Table II Increase in Magnetic Resonance Signal Intensity Post-Dose

Also, this experiment demonstrates that the particles are not simply deposited, but selectively accumulate in tumor tissue. In fact, the lungs without tumors demonstrated no signal even after injection of the contrast agent.

Although the intraperitoneal ovarian primary tumor with malignant ascites has some signal intensity without contrast administration, the post-dose image not only shows an increase in the signal but also demonstrated the delineation of the tumor shapes. Changing the targeting ligand from LHRH peptide to ab733 anti-melanoma monoclonal antibodies allows the particles to be adapted for use for detection of melanoma. The PEGylated Mn3O4 NPs provide an excellent foundation for further modification to meet required needs. The MMP2/ab733 Mn3O4 NPs showed increased signal in two sites of melanoma metastasis.

MRI revealed that the signal began to decrease 30 min after injection of NPs. The circulation time appears to be ample for tumor accumulation and short enough to prevent deposition in healthy tissues, which can limit potential adverse side effects. The circulation time is likely to be dependent on the size of the nanoparticles, but further studies will need to be conducted for the confirmation of such conclusion.

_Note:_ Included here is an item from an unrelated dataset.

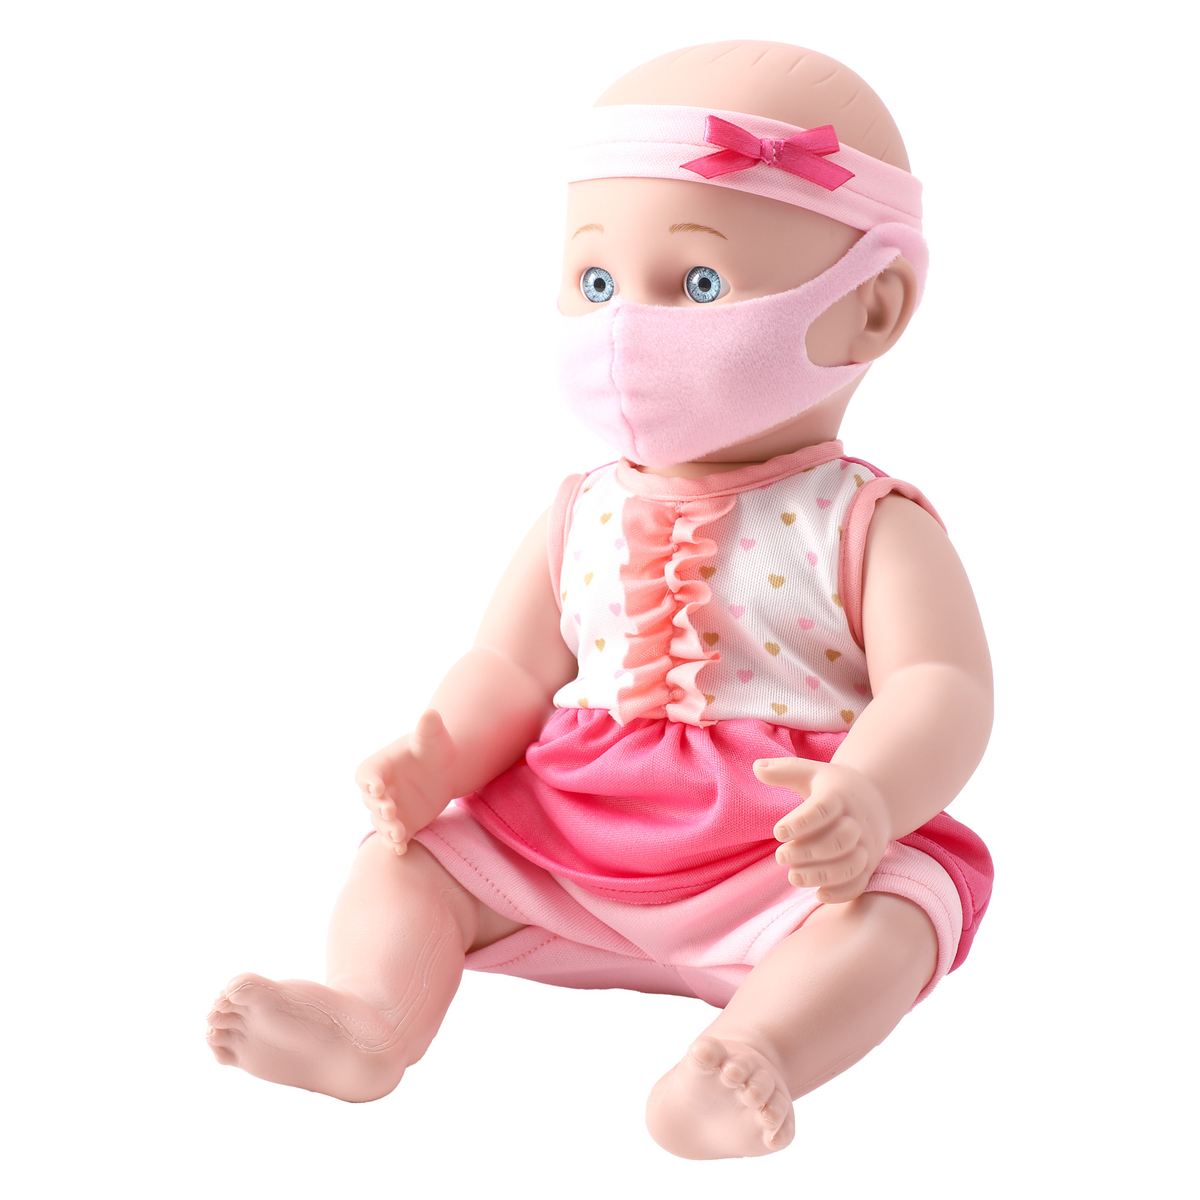 Baby Habibi Baby Doll, 14 inches, BH-697913

Compared to other studies using that also used manganese oxide based imaging agents for in vivo studies (2,3,22), the dose (Mn2+ concentration) in the current study was chosen to be at the substantially lower range. It is important to use the lowest effective dose to prevent toxicity especially for nanoparticles that will be administered repeatedly. The proposed Mn3O4 NPs have the potential to be effectively used for diagnosis of various cancers and monitoring therapy prognosis. The ability of the particles to clearly outline shape of tumor masses can be used to monitor decrease in tumor volume.

CONCLUSION

An original design of cancer targeted responsive nanoparticle-based systems for magnetic resonance imaging and treatment of different cancers was proposed. Two types of nanoparticles were developed based on PEGylated water soluble Mn3O4 nanoparticles and nanostructured lipid carriers. The nanoparticles were modified with cancer-targeting moiety (LHRH peptide or anti-melanoma antibodies). The possibility of modification with other peptides (e.g. biotinylated MMP2 cleavable peptide) and encapsulation of anticancer drugs (e.g. vemurafenib) was also verified and tested. Synthesized nanoparticles were evaluated in vitro and in vivo using different models of cancer (transgenic mice developed melanoma, nude mice with orthotopic human lung and ovarian cancers, as well as subcutaneous xenografts of ovarian cancer). The results of the present investigation showed substantial advantages of the proposed nanoparticles as MRI contrasting agents. The usage of these nanoparticles significantly amplified a magnetic resonance signal specifically from cancer cells and improved the detection of primary tumors, precise determination of their shape, and visualization of metastases. Preferential accumulation of cancer targeted nanoparticles in cancer cells not only enhanced the sensitivity of MRI but also open a door for targeted treatment of various types of cancer.